HN's moderation approach is (a) most political stories are off topic (this is at the top of https://news.ycombinator.com/newsguidelines.html for a reason), but a certain amount of political overlap is (b) inevitable—we learned that the hard way: https://news.ycombinator.com/item?id=13131251, and (c) in keeping with HN's organizing principle of intellectual curiosity.

Those are the principles, and they've been stable for a long time. Then there's which stories get to count as clearing the bar. That is also contentious, but a different question: it's about how to apply the principles, not what the principles should be.

We look for stories that contain significant new information [1], aren't too repetitive of recent discussion [2, 3], and have at least some chance of providing a foundation for intellectually curious conversation.

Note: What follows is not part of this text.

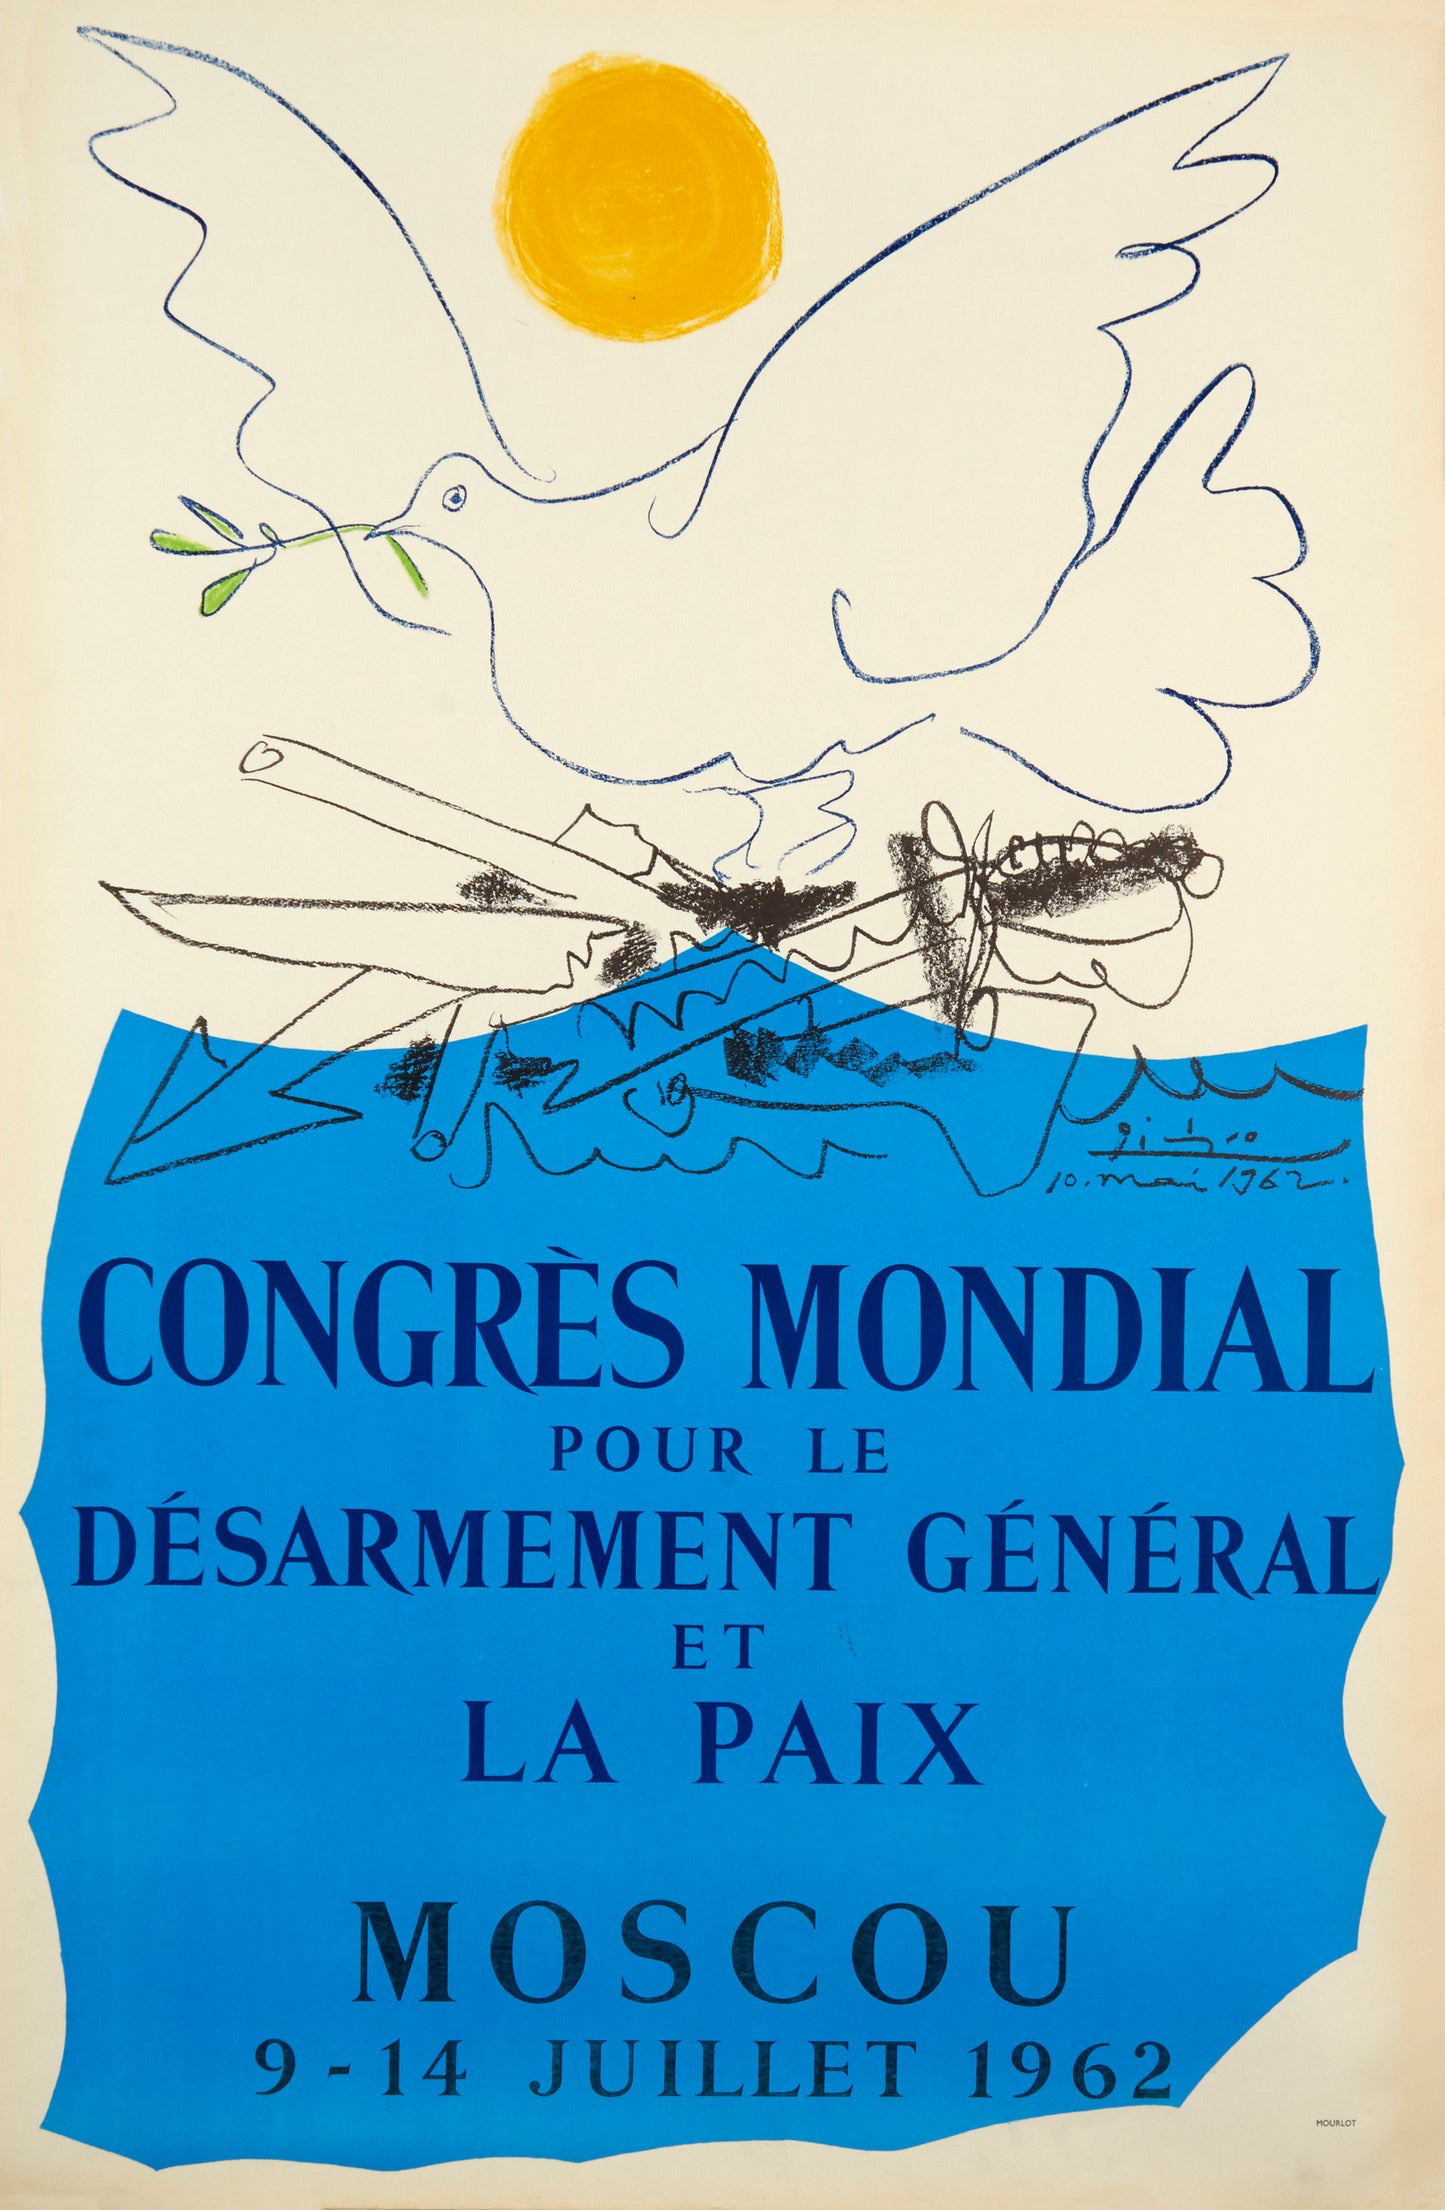 Congrès Mondial pour le Désarmement Général et la Paix by Pablo Picasso, 1962 - Mourlot Editions - Fine_Art - Poster - Lithograph - Wall Art - Vintage - Prints - Original

If you want to understand HN moderation, you need to understand the difference between those two questions—what the principles are vs. how to apply them in specific cases. It's the difference between the rules of a game and the calls made by refs on specific occasions.

The rules are stable and we're confident that they're right. Particular calls, not so much—we sometimes get them wrong. We're often willing to make adjustments in specific cases, especially when users persuade us that we got something wrong. But we're much less willing to change the rules themselves, because they've held up well over many years, and provide a good basis for running HN for its intended purpose [4].

As you can imagine, this question shows up often—especially on divisive topics like the OP—and I've written different versions of this answer many times. You can find a bunch of past explanations from threads about the current topic here: https://news.ycombinator.com/item?id=39618973. If you, or anyone, still have questions after reading the current post, I suggest looking at that link (and the links back from there). If after that you still have a question I haven't answered, I'd be happy to take a crack at it.

[1] https://hn.algolia.com/?dateRange=all&page=0&prefix=false&so...

[2] https://hn.algolia.com/?dateRange=all&page=0&prefix=true&que...

[3] https://hn.algolia.com/?dateRange=all&page=0&prefix=false&so...

[4] https://hn.algolia.com/?dateRange=all&page=0&prefix=true&sor...




Then I was confused myself. I thought Hacker News was in relation to the hacker spirit, embodied best in the book "Hackers", or even "Masters of DOOM", with a slight twist of VP and startup culture. Even the Big Tech propaganda gets tiring and off-topic. But I guess I was mistaken about the expectations.


Well, it certainly is supposed to be for those things. But if you try to run a site like HN only for those things, it turns out that's not a stable position.